I think now, I will have to look it back up though to be sure. Any other VA plumbers hear of this??


----------



## Redwood (Sep 8, 2008)

Sounds like a mess!

I'd check how it's tied in and vented...
Has the line been camera'd for sags?


----------



## Plumbdog (Jan 27, 2009)

Bill said:


> You probably need to get the washer drain as far downhill as possible. When I had to take my plumbing exam again this year for renewal they talked about plumbing code changes and amongst this was something called the suds zone. This is an area about 2 feet up and 2 feet down stream where a washer ties in. It creates a suds zone, so you need to move it further down stream to keep this from happening.
> 
> I think now, I will have to look it back up though to be sure. Any other VA plumbers hear of this??


I think your right about that I now recall not being able to tie anything in within 3 or 5 feet, not sure which, of a suds producing appliance.

Thanks


----------



## Plumbdog (Jan 27, 2009)

Redwood said:


> Sounds like a mess!
> 
> I'd check how it's tied in and vented...
> Has the line been camera'd for sags?


 
I just wanted to throw it out there befor I go to the job and get sucked into a nightmare with my pants around my ankles


----------



## Bill (Jun 17, 2008)

It may be 5 feet.
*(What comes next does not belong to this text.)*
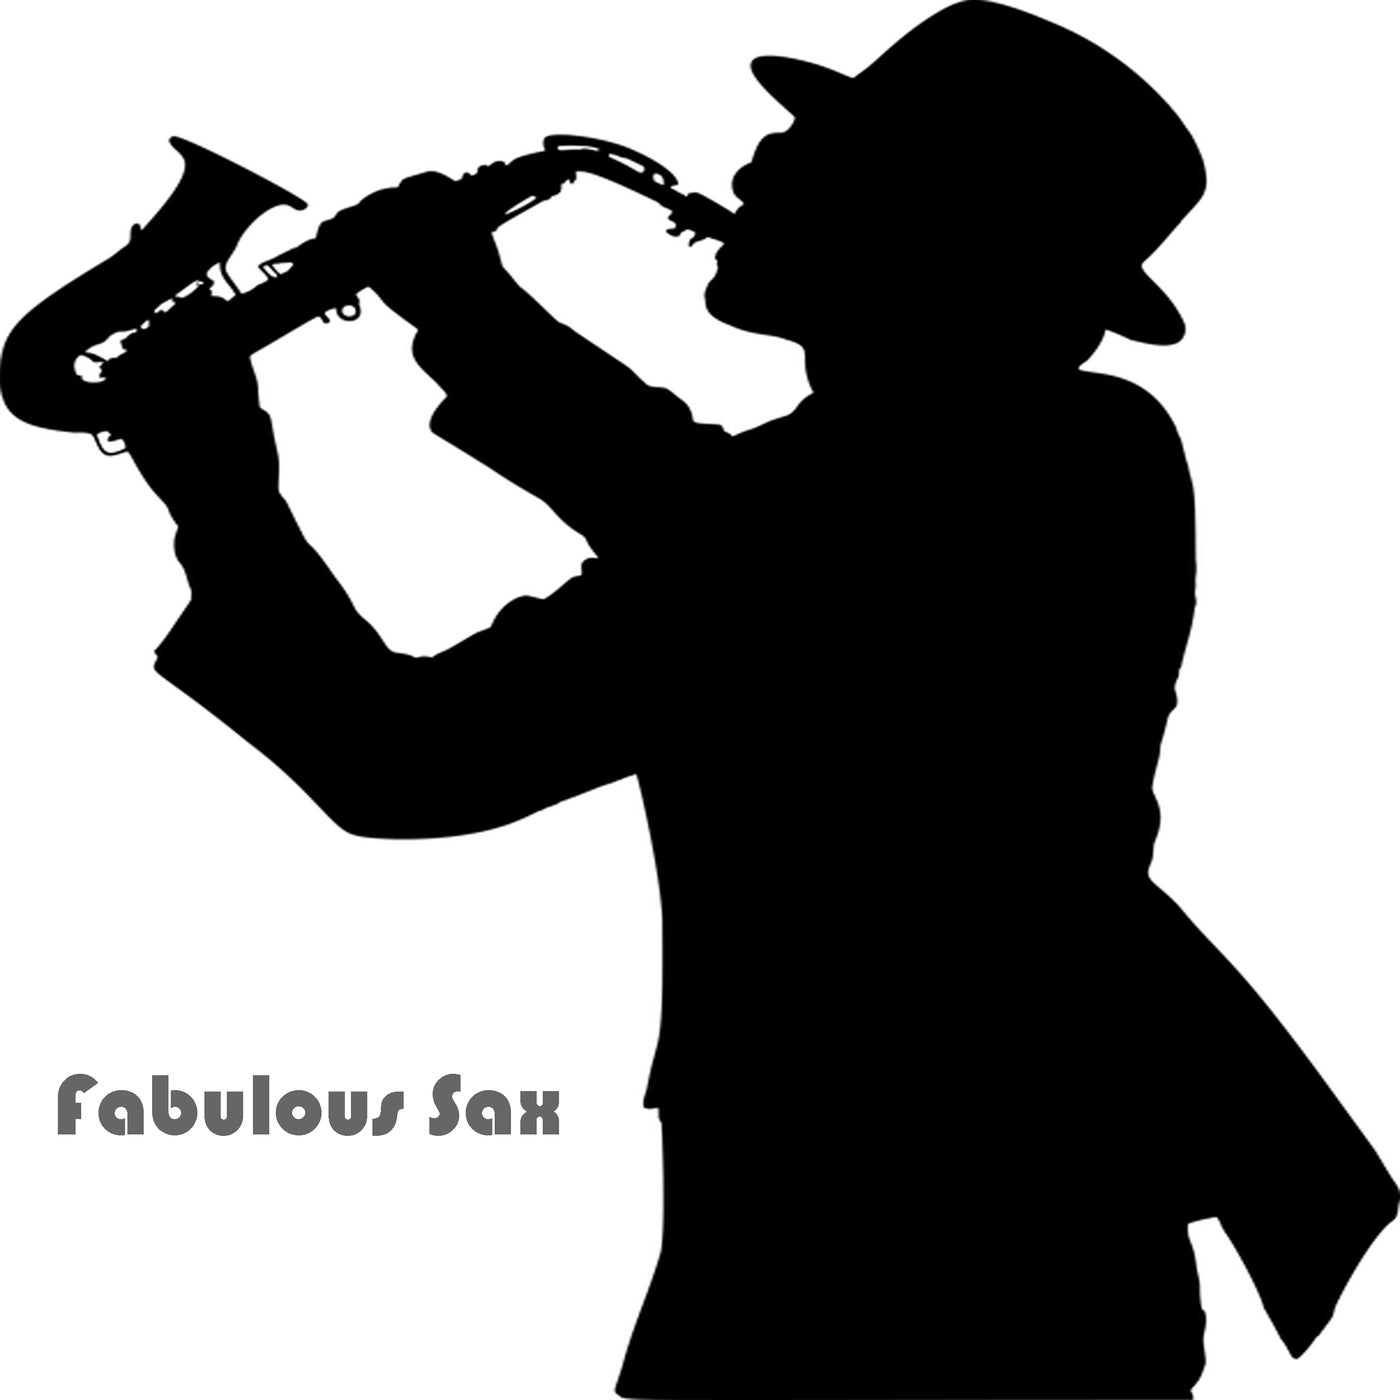 Fabulous Sax
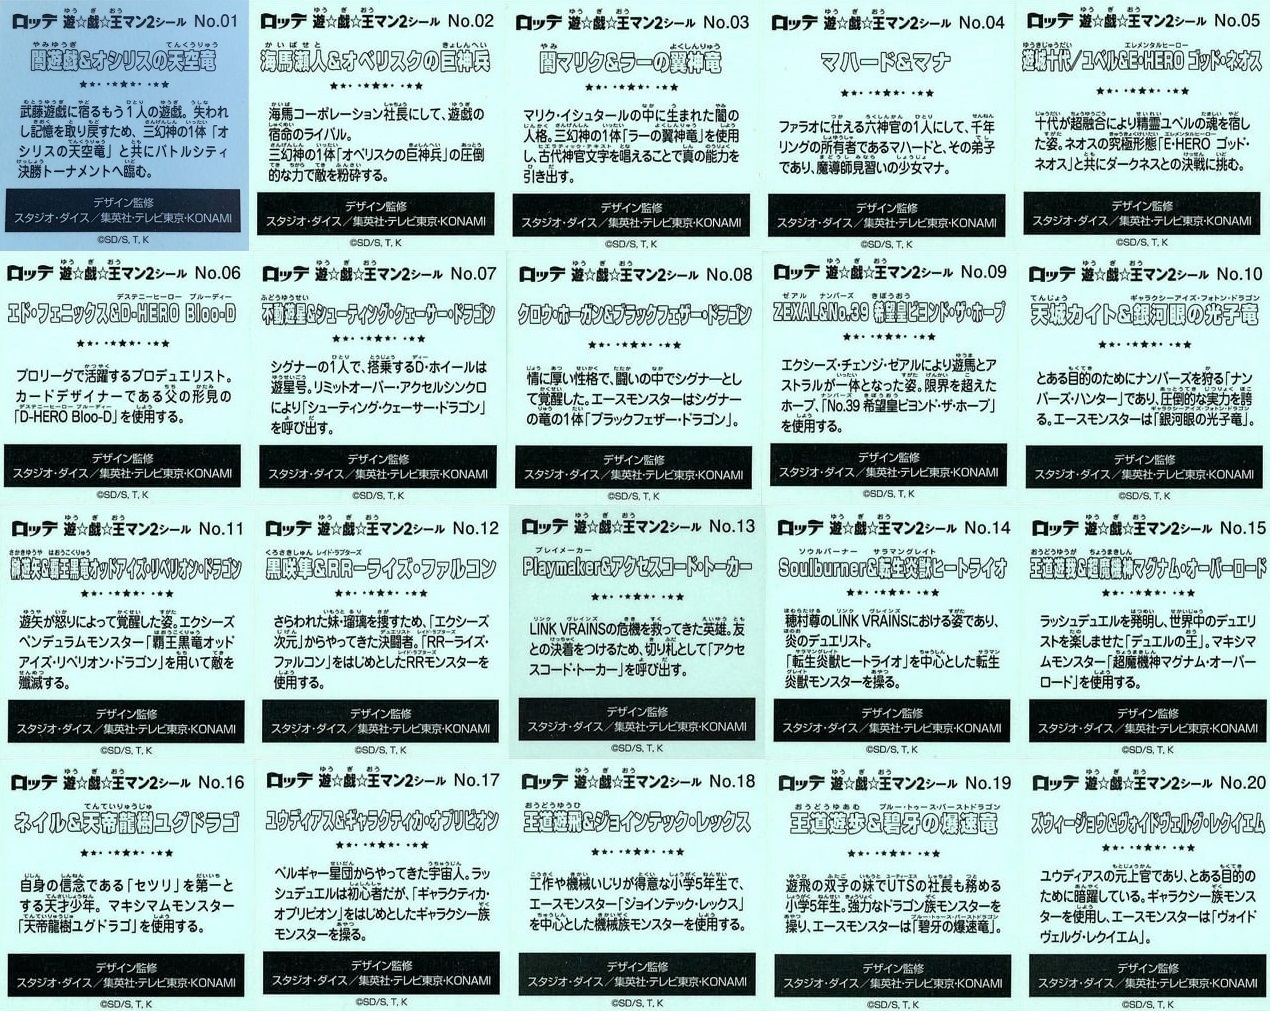 遊戯王マンチョコ2 全20種 シール画像(表面/裏面)【裏面の画像 再更新

I cant remember, but when I find out I will post it here


----------



## TheMaster (Jun 12, 2009)

Plumbdog said:


> Not sure if this is the right location for this thread, but here it is anyway. Got a call from a contractor I started doing work for and he has a customer that is complaining of a suddsing laundry drain.
> 
> The story as it has been told to me the laundry was moved to the basement and tied in to the building drain which runs along the foundation wall. The contractor said that they also added a slop sink w/pump which discharges into the same building drain (not sure at this time how or if this is vented). THe slop sink is located next to the laundry.
> 
> ...


 Where are the suds backing up? out of the washing machine standpipe? or into the laundry tray? What size trap? how tall is the standpipe?


----------



## UnclogNH (Mar 28, 2009)

Does it drain normal with just water. If it does it's possible to much soap plus vent problem hard to tell without seeing. Even if a small clog is left it's enough to push the suds back.


----------



## Protech (Sep 22, 2008)

Sounds like a lack of positive pressure venting in the pump basin.

You could also upsize the lines going into the basin to decrease turbulence.

Make sure your vent is tied well up stream of where the laundry waste is pumped into the building drain. You could be pulling suds back out of the building drain into the vent. Take a picture so we can help you out:thumbsup:


----------



## pauliplumber (Feb 9, 2009)

If they need a pump for the slop sink then the building drain is fairly high. One simple solution that MIGHT work is to increase the standpipe size and or length. You may also have to add an extension to the washing machine hose. Also if they have one of the newer high eff. washing machines, make sure they are using detergent marked HE, it's less sudsy and designed for such machines.


----------



## express (Nov 22, 2008)

If they just put in a front load washing machine they need to be using low suds detergent. had this problem before when they used there old detergent.


----------



## Plumbdog (Jan 27, 2009)

I want to thank everyone for their input and help. I didn't really know the situation at this job before being asked to trouble shoot it, so it's great to a place like this where idea's and solutions can be shared!

So, after a half a dozen attempts to schedule a visit to see if I can assess the problem I finally get in there this morning. Walk down the stairs to the basement and see the laundry trap plumbed with a six inch stand pipe:whistling2: Throw a coupling and 20" of pipe which brings it pretty close to the new dropped ceiling and no more suddings.

Thanks again


----------



## Va. Plumber (Dec 8, 2008)

I had a suds problem a while back in a high rise. After snaking, running a camera and repiping the common laundry drains to tie in farther downstream, I still had a problem. It turns out that the building had a huge negative pressure and air was pulling up the sewer. The backpressure was enough to keep those suds from going down like they should. After shutting down exhaust fans in the building, the problem suddenly went away.


----------



## 1205blazer (Nov 28, 2009)

you should have at lease a 18" to 2` stand pipe on the trap and add a vent between the trap and the sewer is it tied in with a wye or san tee ?


----------